- Born: Willie Lee Ashley Jr. May 23, 1921 Sumter, South Carolina, US
- Died: February 9, 1984 (aged 62) Washington, D.C., US
- Resting place: Arlington National Cemetery
- Education: University of Omaha, Catholic University
- Occupations: Military officer; fighter pilot;
- Years active: 1942–1981

= Willie Ashley =

American Tuskegee Airman fighter pilot (t1921–1984)

Willie Lee Ashley Jr. (May 23, 1921 – February 9, 1984) was a U.S. Army Air Force officer and combat fighter pilot with the 332nd Fighter Group's 99th Fighter Squadron, best known as the Tuskegee Airmen.
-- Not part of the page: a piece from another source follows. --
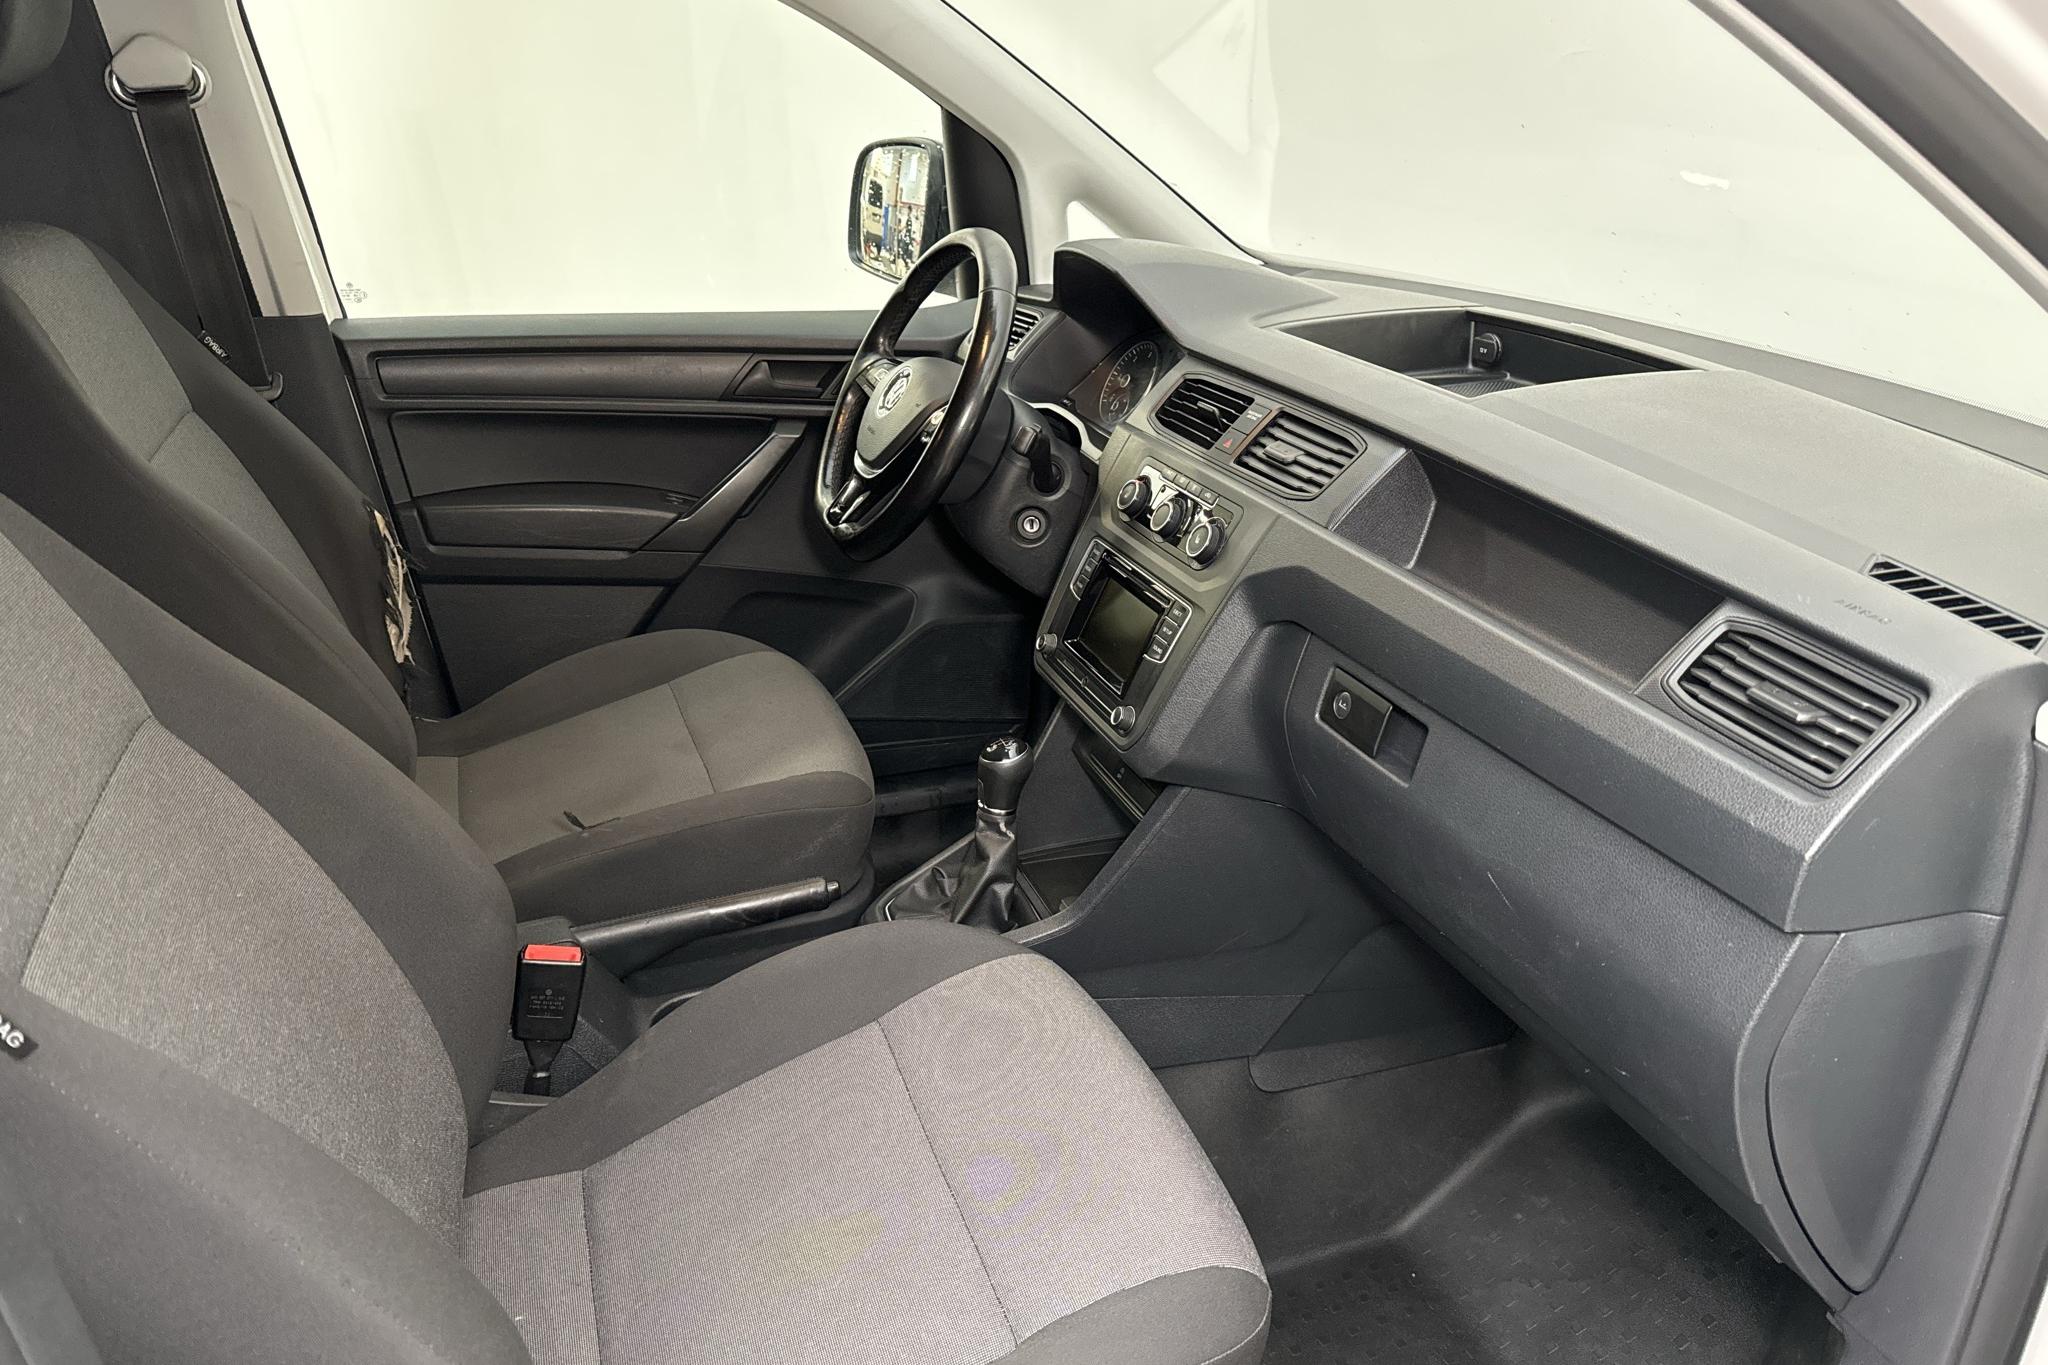 VW Caddy 2.0 TDI (75hk) - 13 732 mil - Manuell - vit - 2017
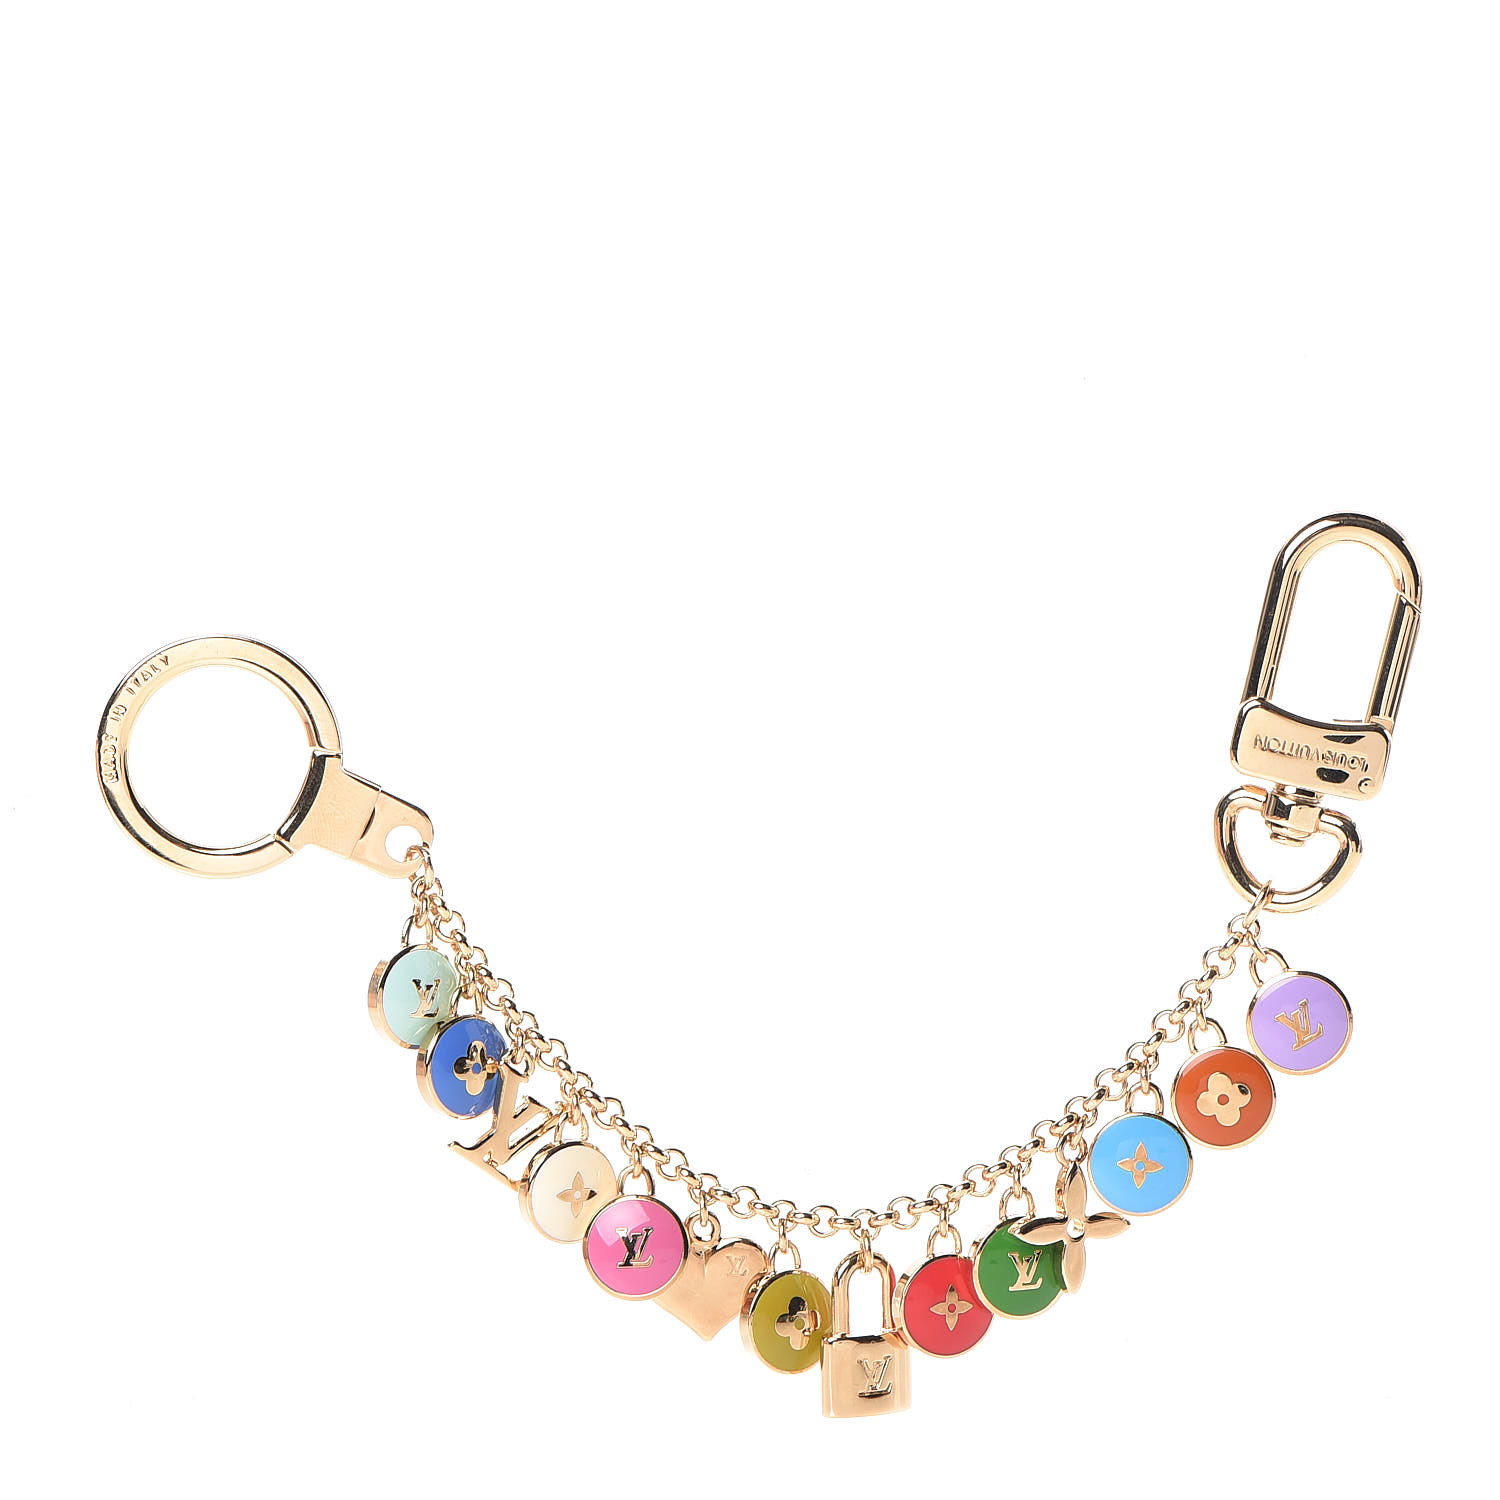 A Louis Vuitton Porte Cles Pastilles Multicolor Key Chain, 4 L

Ashley was the first African American U.S. military pilot to engage in aerial combat against an enemy combatant, sharing this honor with 99th Fighter Squadron pilots Sidney P. Brooks, Charles Dryden (Tuskegee Airman), Lee Rayford, Leon C. Roberts and Spann Watson who all engaged against enemy German fighter aircraft on June 9, 1943.

==Early life==
Ashley was born on May 23, 1921, in Crocketville, South Carolina, in Hampton County. After graduating from Morris College High School, Ashley attended Hampton Institute, now Hampton University in Hampton, Virginia. While at Hampton, Ashley enrolled with the Civil Air Patrol's Civilian Pilot Training Program, earning his pilot's license.

==Military service==
The U.S. Army Air Corps admitted Ashley to its Advanced Flight School at Tuskegee Air Force Field. On July 3, 1942, Ashley graduated as a member of the Single Engine Section Cadet Class SE-42-F, receiving his wings and commission as a 2nd Lieutenant.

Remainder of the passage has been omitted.